TASK TO COMPLETE =
Print out the full material below, exact in every line, with no images included.

SUPPLIED INFORMATION =

* * *

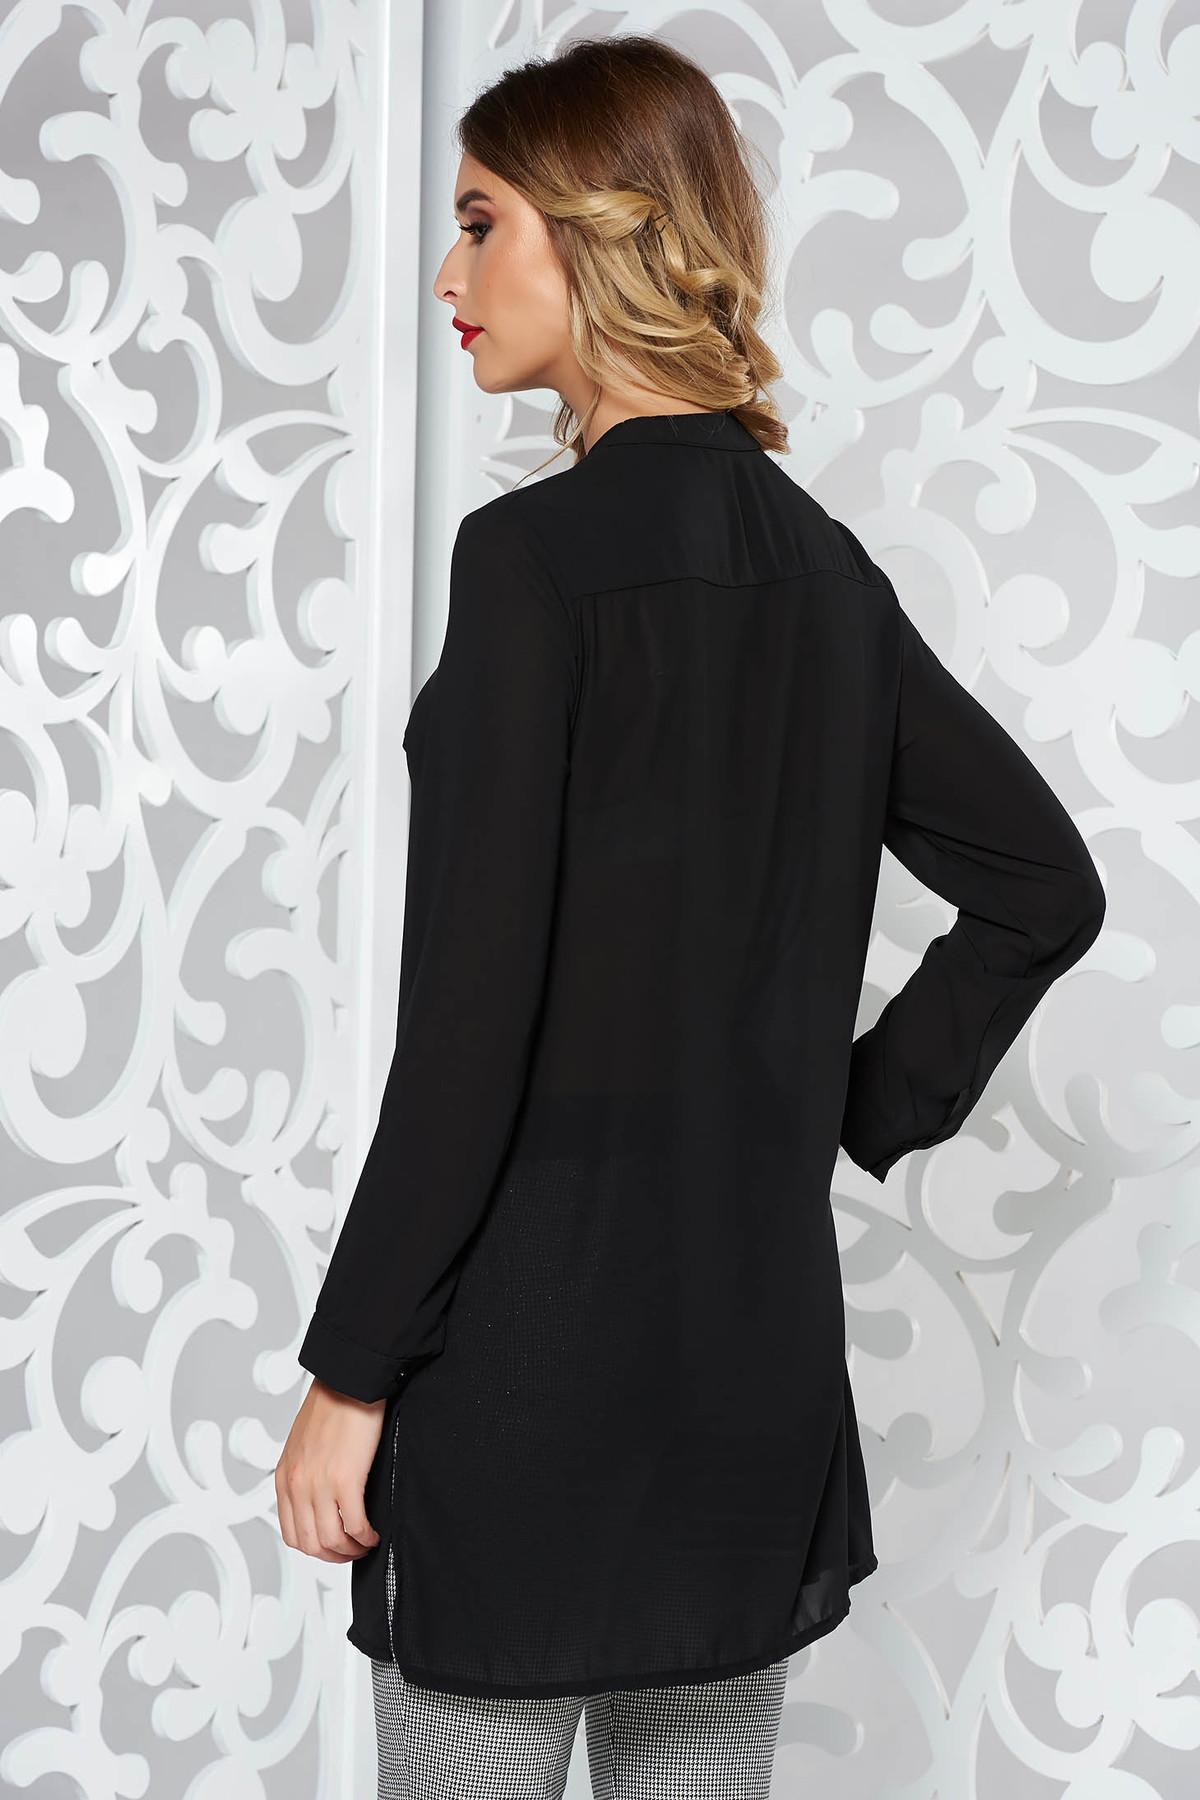 Camasa dama SunShine neagra eleganta cu croi larg din material usor transparent cu maneca lunga
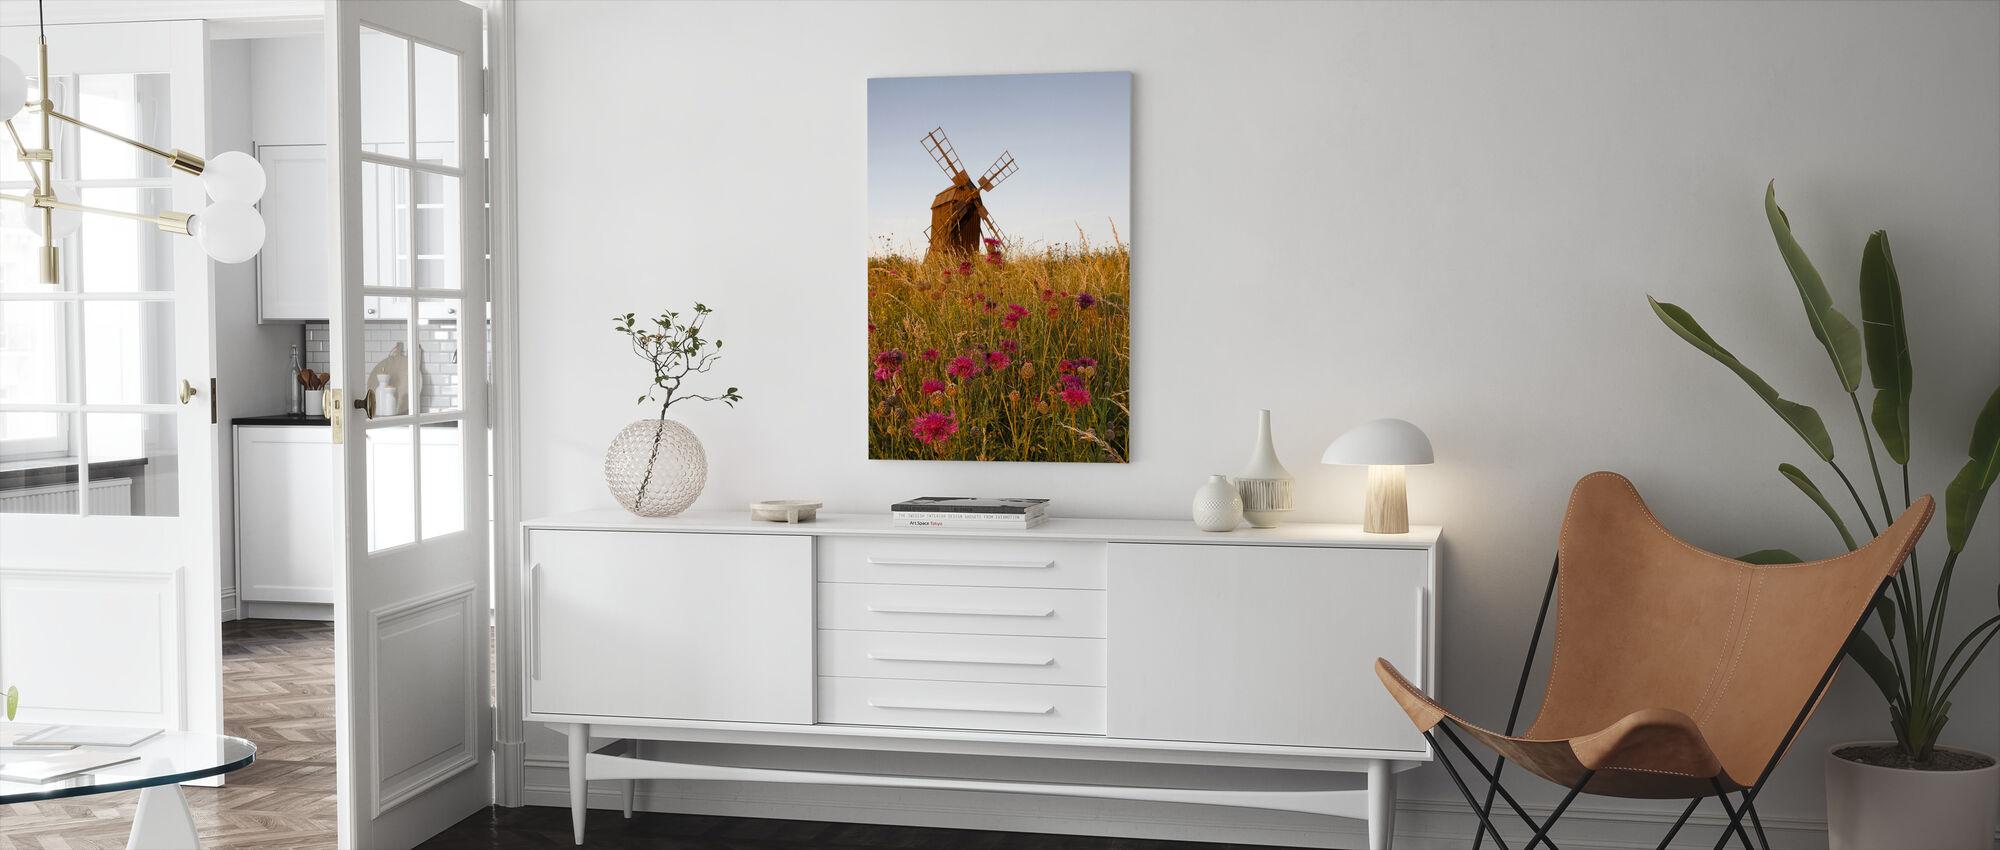 Grainy Windmill - Canvas print - Living Room
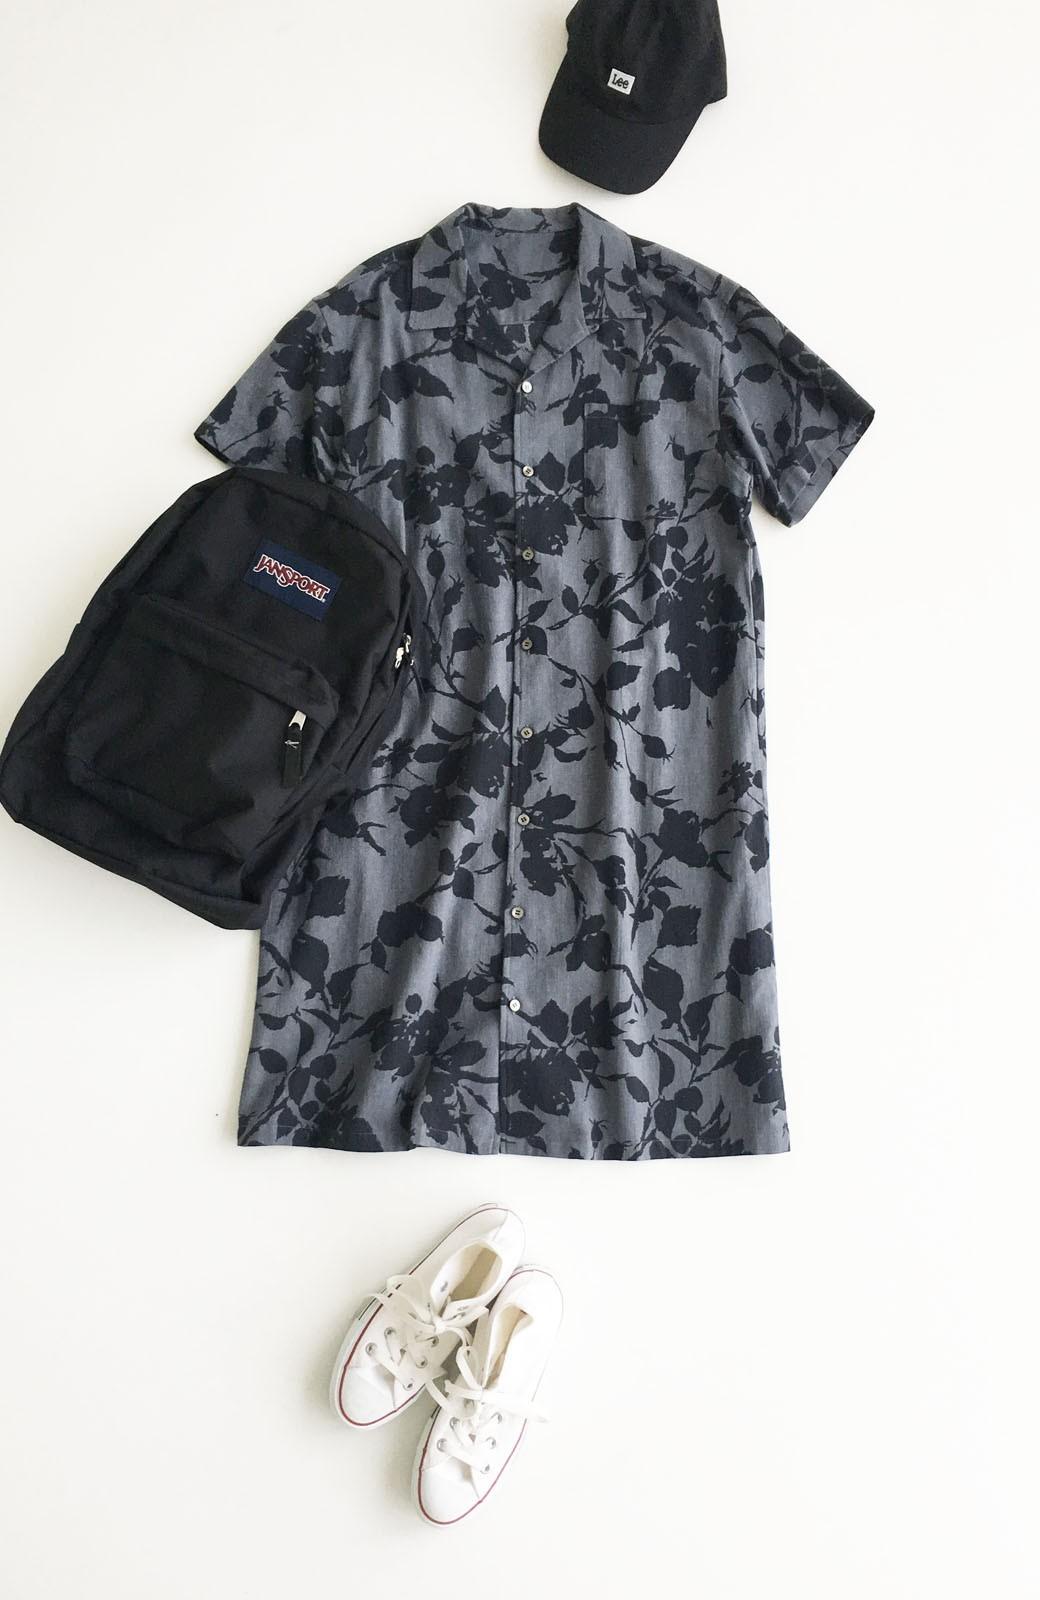 haco! 【コラボ3年目!】京都の浴衣屋さんと作った浴衣生地のシャツワンピース <グレー系その他>の商品写真9

* * *

WRITTEN ANSWER =
 Camasa dama SunShine neagra eleganta cu croi larg din material usor transparent cu maneca lunga
 Grainy Windmill - Canvas print - Living Room
 haco! 【コラボ3年目!】京都の浴衣屋さんと作った浴衣生地のシャツワンピース <グレー系その他>の商品写真9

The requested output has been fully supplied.